Matthew Nelson, Stanislas Dehaene, Christophe Pallier, John Hale


Abstract
Using the Entropy Reduction incremental complexity metric, we relate high gamma power signals from the brains of epileptic patients to incremental stages of syntactic analysis in English and French.

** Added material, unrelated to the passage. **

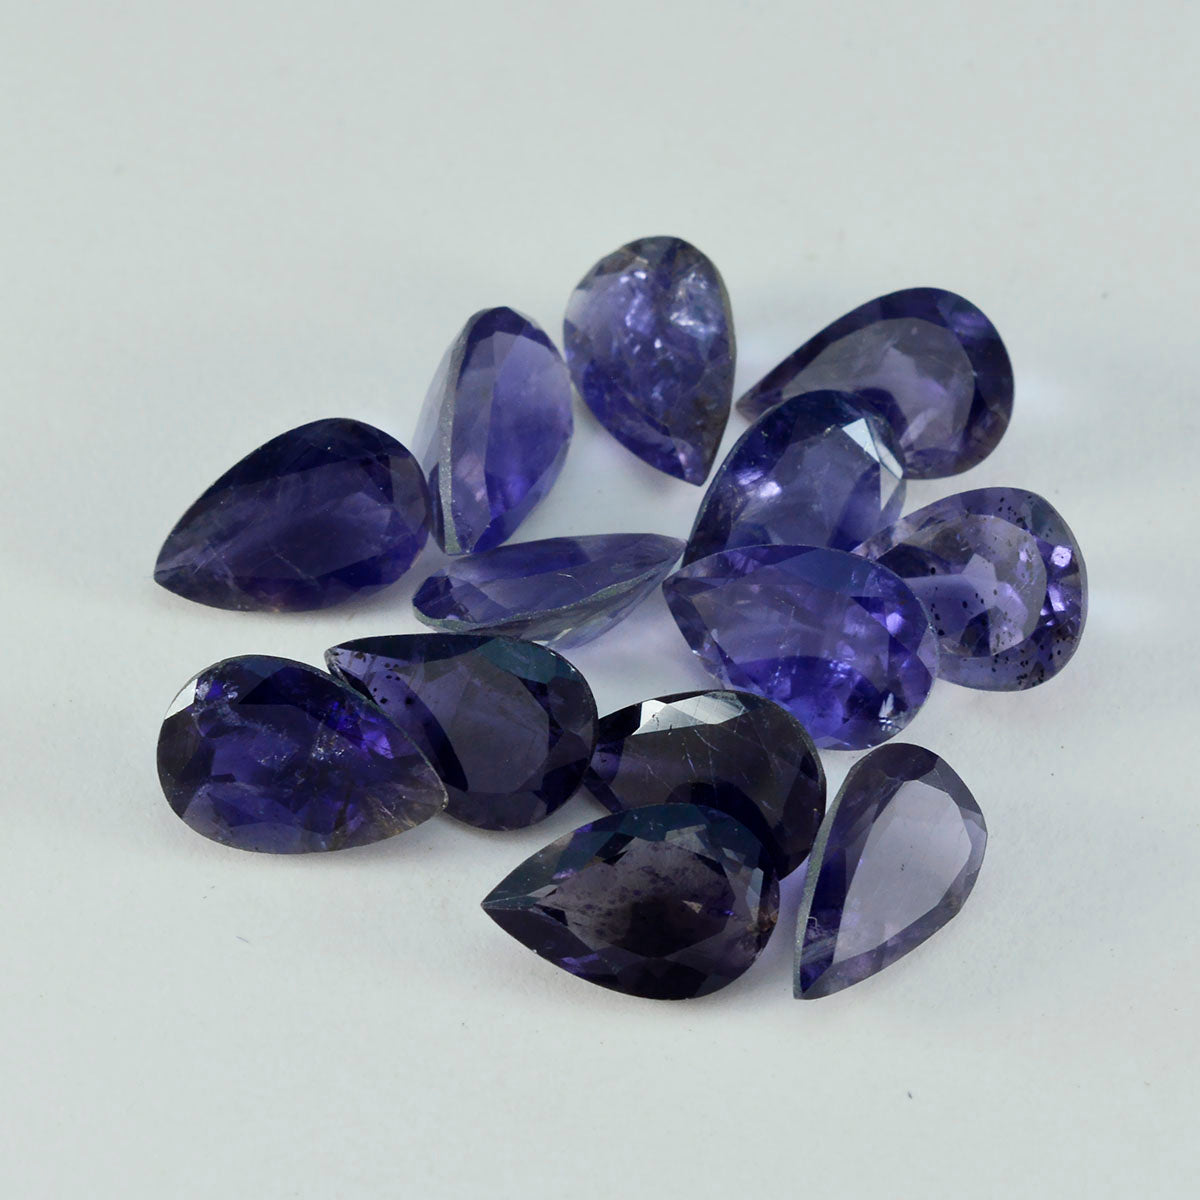 Riyogems 1 pièce d'iolite bleue à facettes 7x10mm en forme de poire, pierres précieuses en vrac de jolie qualité

We find that signals recorded intracranially from the anterior Inferior Temporal Sulcus (aITS) and the posterior Inferior Temporal Gyrus (pITG) correlate with word-by-word Entropy Reduction values derived from phrase structure grammars for those languages. In the anterior region, this correlation persists even in combination with surprisal co-predictors from PCFG and ngram models. The result confirms the idea that the brain’s temporal lobe houses a parsing function, one whose incremental processing difficulty profile reflects changes in grammatical uncertainty.
Anthology ID:
W17-0701
Volume:
Proceedings of the 7th Workshop on Cognitive Modeling and Computational Linguistics (CMCL 2017)
Month:
April
Year:
2017
Address:
Valencia, Spain
Editors:
Ted Gibson, Tal Linzen, Asad Sayeed, Martin van Schijndel, William Schuler
Venue:
CMCL
SIG:
Publisher:
Association for Computational Linguistics
Note:
Pages:
1–10
Language:
URL:
https://aclanthology.org/W17-0701
DOI:
10.18653/v1/W17-0701
Bibkey:
Cite (ACL):
Matthew Nelson, Stanislas Dehaene, Christophe Pallier, and John Hale. 2017. Entropy Reduction correlates with temporal lobe activity. In Proceedings of the 7th Workshop on Cognitive Modeling and Computational Linguistics (CMCL 2017), pages 1–10, Valencia, Spain. Association for Computational Linguistics.
Cite (Informal):
Entropy Reduction correlates with temporal lobe activity (Nelson et al., CMCL 2017)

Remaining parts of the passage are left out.